Missing nodes on pages in certain cases

Hi Team!

I would like to insert a text shape to all pages of doc and docx documents. I have implemented a simple algorithm for this purpose that I am also attaching to this post in a form of a simple demo project but I experienced some strange behaviours in cases when the document contains a paragraph that spans multiple pages.

You can run the attached demo project that tries to add a shape to all the pages of 4 different input files and produces an output file in the project’s output folder. You can analyze the output files and the console logs as well - in this case, please always focus on “Paragraph 2” log section for every file because that is the only paragraph in the input files, the other 3 paragraphs were inserted by your lib I guess since I tried with an unlicensed version of Aspose.Words. You may try to run it with a licensed library and it will not be an issue anymore then I think.

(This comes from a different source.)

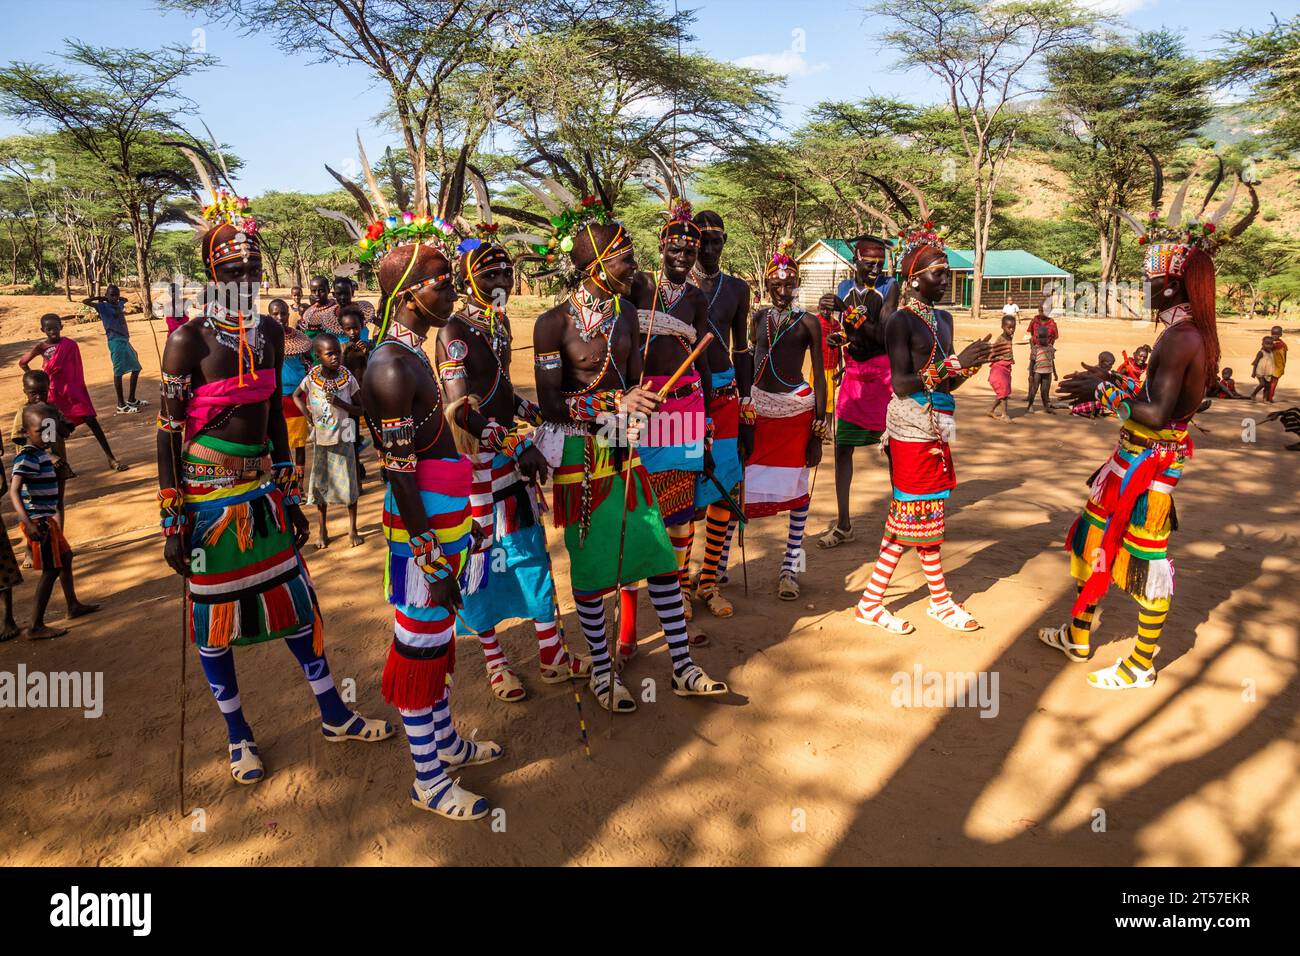 SOUTH HORR, KENYA - FEBRUARY 12, 2020: Group of Samburu tribe young men dancing wearing colorful headpieces made of ostrich feathers after their circu Stock Photo

The problem is that in test1.doc and in test2.doc some pages are skipped, i.e., there will be no shape on them at the end of the process. My idea was to retrieve the start page index of the actual node and if there is no shape on that page, then insert one. However, it is not sure that the nodes are located page by page - I can see from the logs that for test1.doc for example, the start page index for the 3rd node is 1 but the end page index is 3. I may resolve this by taking end page index into consideration too among start page index but still, what about page 2 in this case? Can I achieve somehow to retrieve a node from that page too in order to be able to add a shape to that page?

The situation is similar in case of test2.doc as well, however, as for test2.docx and test3.doc, their output files contain the shape on all of their pages, i.e., there are nodes on every page, although they consist of 1 single paragraph too. What is the cause of this difference compared to the other 2 files?

The issue occurs on Linux and Windows platforms as well. I used the latest Aspose.Words lib (22.4). For creating and opening input and output documents, MS Office 2016 was used on Windows platform.

Could you please provide any help or solution for my issue or is it a problem related to the structure of Word documents that cannot be resolved?

Thank you in advance,
Tamas Boldizsar

word_watermark.zip (95.3 KB)

@tamas.boldizsar The problem occurs because in your documents there are Run nodes with very very long text that spans several pages. See the screenshot:


So, you should split the run into parts to get the desired output. For example you can use code similar to the code suggested here.
Also, if you need simply insert a watermark into the document, you can use a build in feature Watermark.SetText. But in this case watermark is inserted into the document in header and appears in the background.

1 Like

@alexey.noskov

Thank you for the suggestion! I will try it.

Best regards,
Tamas Boldizsar

1 Like